However, the prior art has limited control over the corneal crosslinking process, and it is difficult to precisely control the corneal crosslinking process, and thus it is difficult to precisely control the morphology modeling after corneal crosslinking.
In one control scheme, precise control of the corneal morphology can be achieved by embossing the cornea. But this requires a shaped mold to closely conform to the cornea under pressure. If the mold is used to press against the cornea, a positive pressure is required to be applied to the ocular sphere, which may cause an increase in intraocular pressure. Due to the long time of cornea shaping, prolonged ocular hypertension may adversely affect the patient's optic nerve.
In another control scheme, a contact lens may be used, on which an array of ultraviolet light sources is mounted, in proximity to the cornea. The degree of crosslinking is controlled by controlling the intensity of the light to alter the morphology of the cornea. However, this method requires that the relative position between the contact lens and the cornea be kept unchanged, so that the relative position of the contact lens is not changed when the eyeball rotates, and the shaping position is offset, and the precision is reduced. However, this also requires a certain force between the contact lens and the cornea (or eyeball) that keeps the relative position of the two constant.
Disclosure of Invention
The embodiment of the invention provides an eyeball adsorbing device and an eyeball adsorbing system, which can reliably adsorb an eyeball so as to keep the eyeball relatively stable.
According to an embodiment of one aspect of the present invention, there is provided an eyeball adsorbing device including:
an outer barrel having a lower opening and including an annular lower rim at a lower end for contact with an eyeball;
an inner core body extending axially within the outer cylinder body and including a concave bottom surface for eyeball suction at a lower end;
a flow inlet communicated with a flow inlet cavity formed between the inner wall of the outer cylinder and the outer surface of the inner core;
an outflow port communicated with the concave bottom surface via an outflow channel in the inner core body, wherein the outflow channel starts from the concave bottom surface;
the fluid entering the inflow cavity from the inflow opening is pumped out from the outflow opening through the outflow channel, so that eyeballs are close to the concave bottom surface.
Preferably, in any of the embodiments,
the inflow port is arranged on the side wall of the outer cylinder body.
Preferably, in any of the embodiments,
the outflow port is positioned at the upper end of the outer cylinder body.
Preferably, in any of the embodiments,
the concave bottom surface is provided with a bottom surface pressure sensor.

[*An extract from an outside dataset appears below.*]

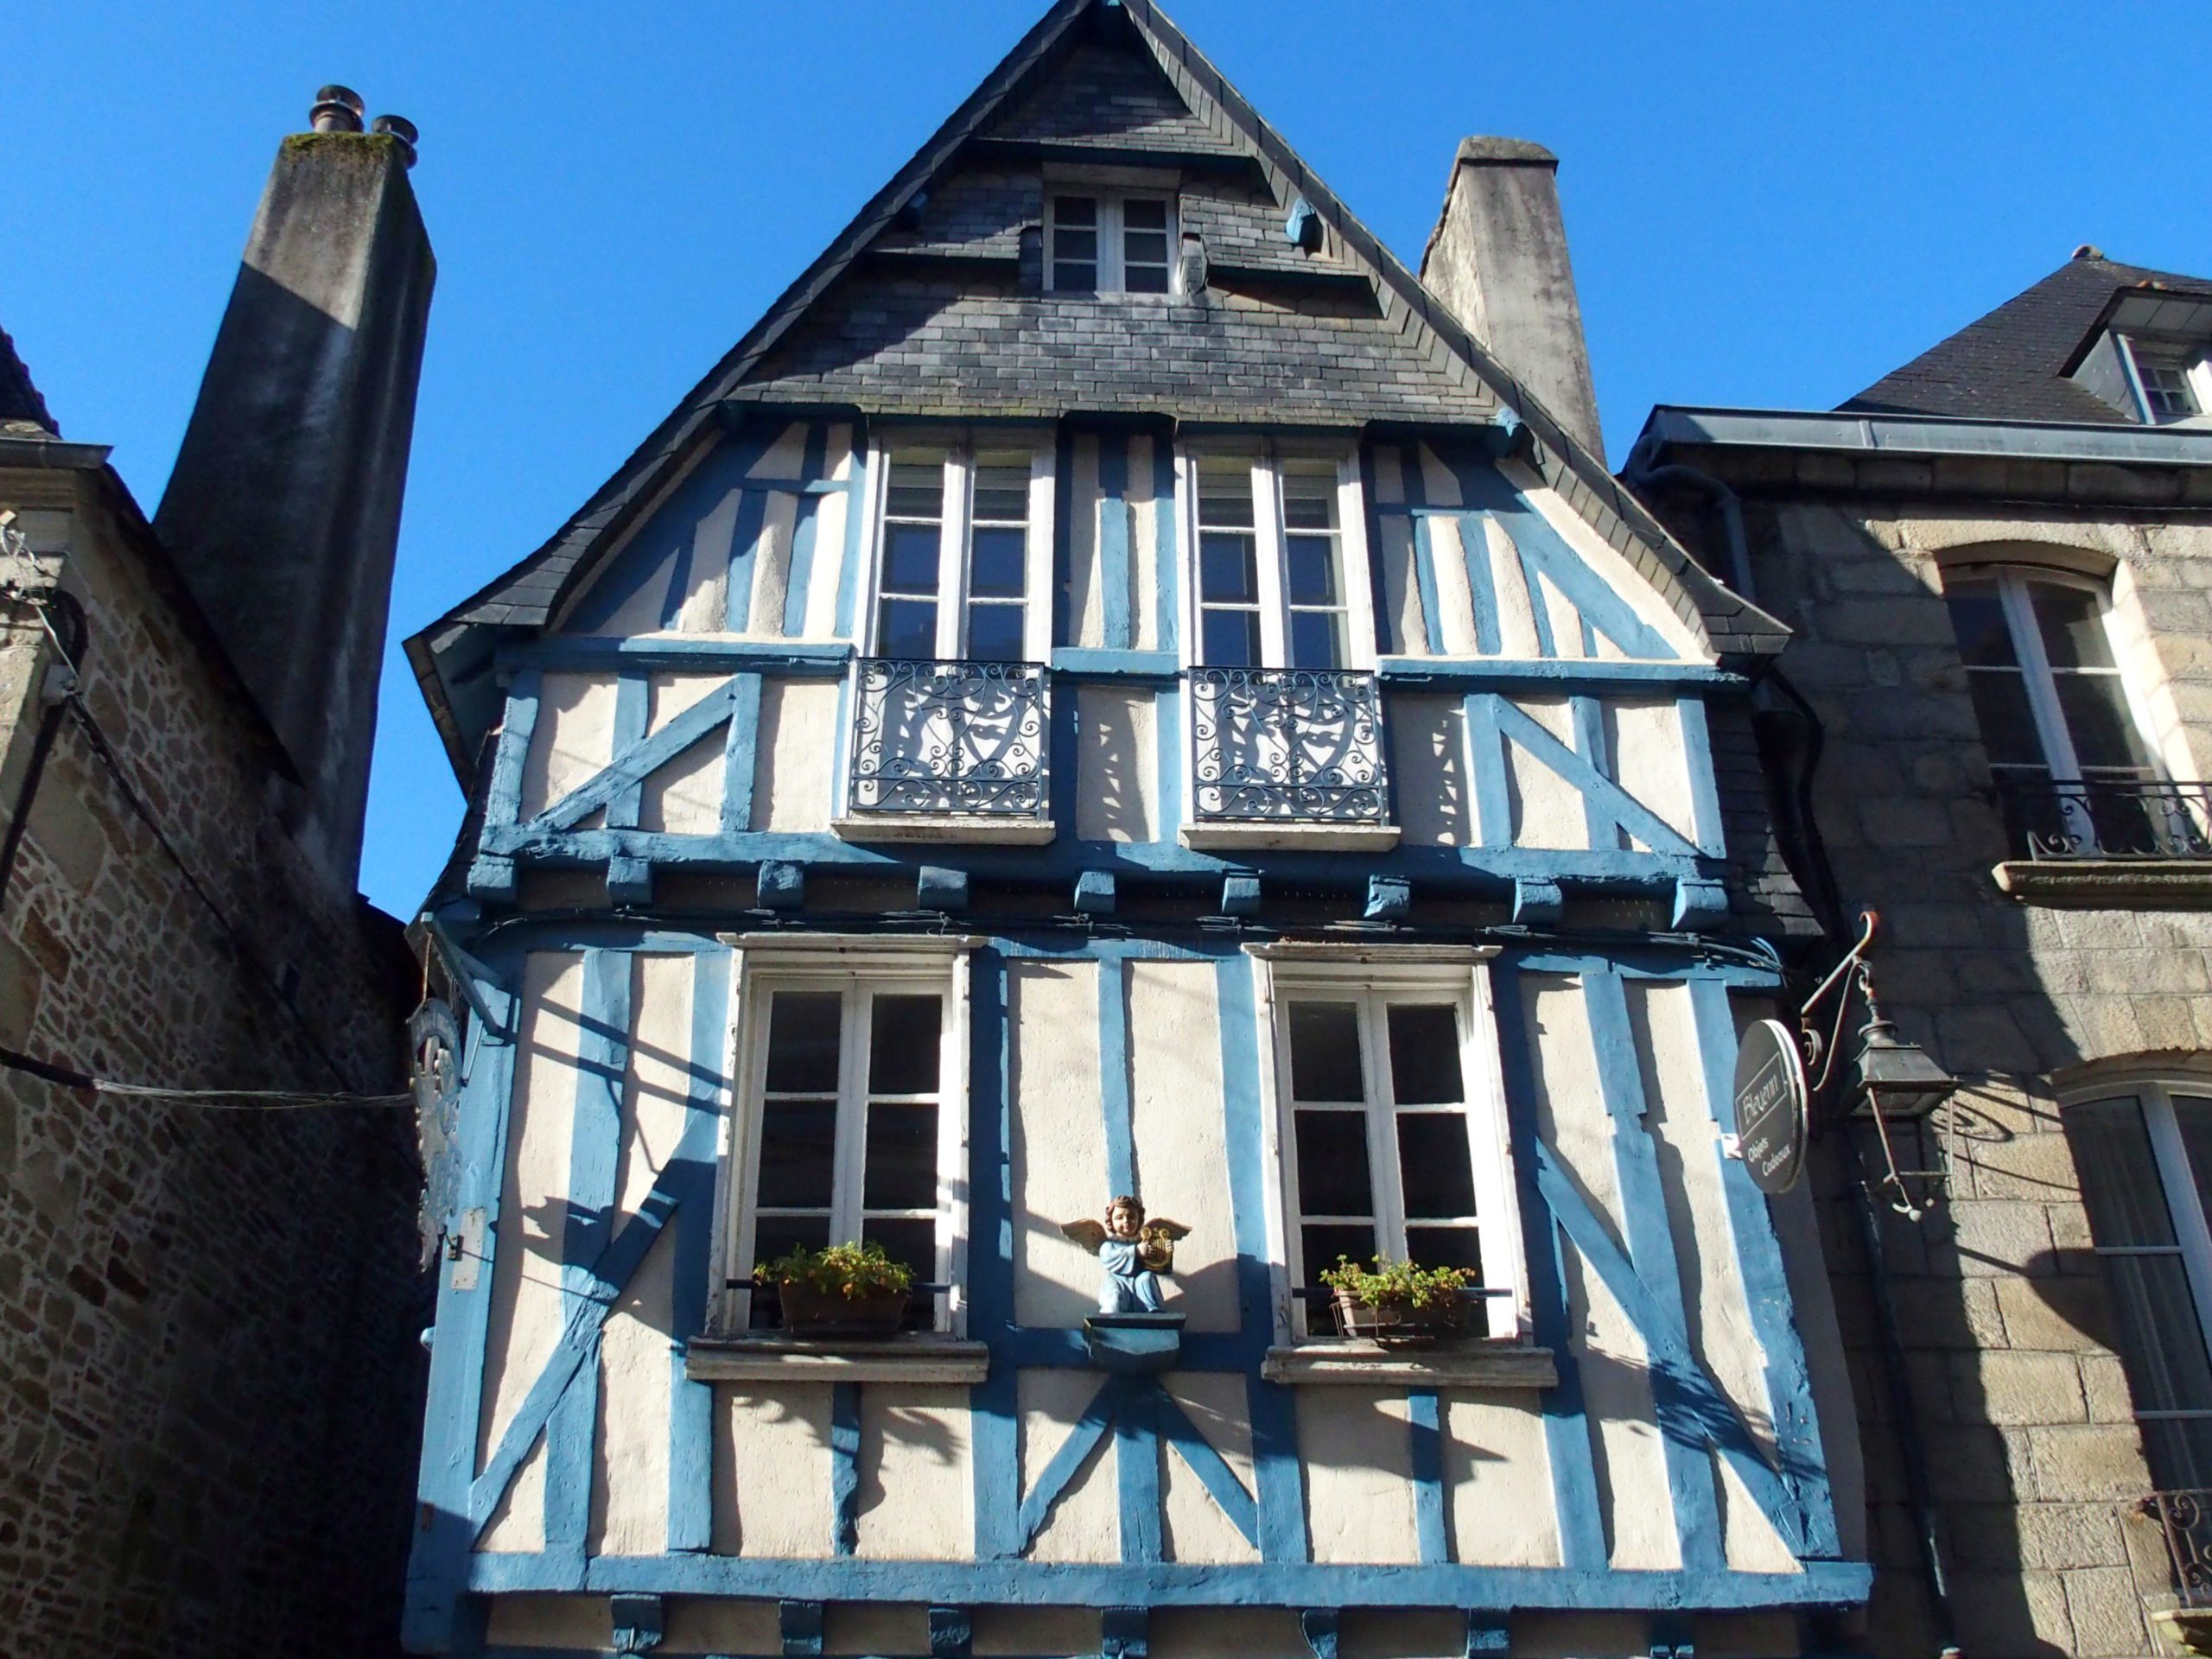 Maison à colombage bleus Quimper Bretagne.

Preferably, in any of the embodiments,
the concave bottom surface is provided with a radial slot extending from the center to the edge of the concave bottom surface.
Preferably, in any of the embodiments,
the annular lower edge has a radially inwardly tapered shape.
Preferably, in any of the embodiments,
the annular lower edge is lower than the lowest end of the concave bottom surface.
According to an embodiment of another aspect of the present invention, there is provided an eyeball adsorbing system including:
an eyeball adsorbing device as described above;
a flow conveyor connected to the flow inlet;
an aspirator connected to the outflow port;
when the aspirator works, at least part of the fluid input into the inflow cavity from the inflow port by the fluid delivery device is pumped out from the outflow port through the outflow channel.
Preferably, in any embodiment, further comprising:
an eye support system, comprising: and the eyeball is supported towards the eyeball adsorption device, and the inflation height of the supporting airbag along the axial direction is dependent on the inflation degree in the supporting airbag.
Preferably, in any of the embodiments,
the eyeball support system includes: and the air supply device is communicated with the supporting air bag.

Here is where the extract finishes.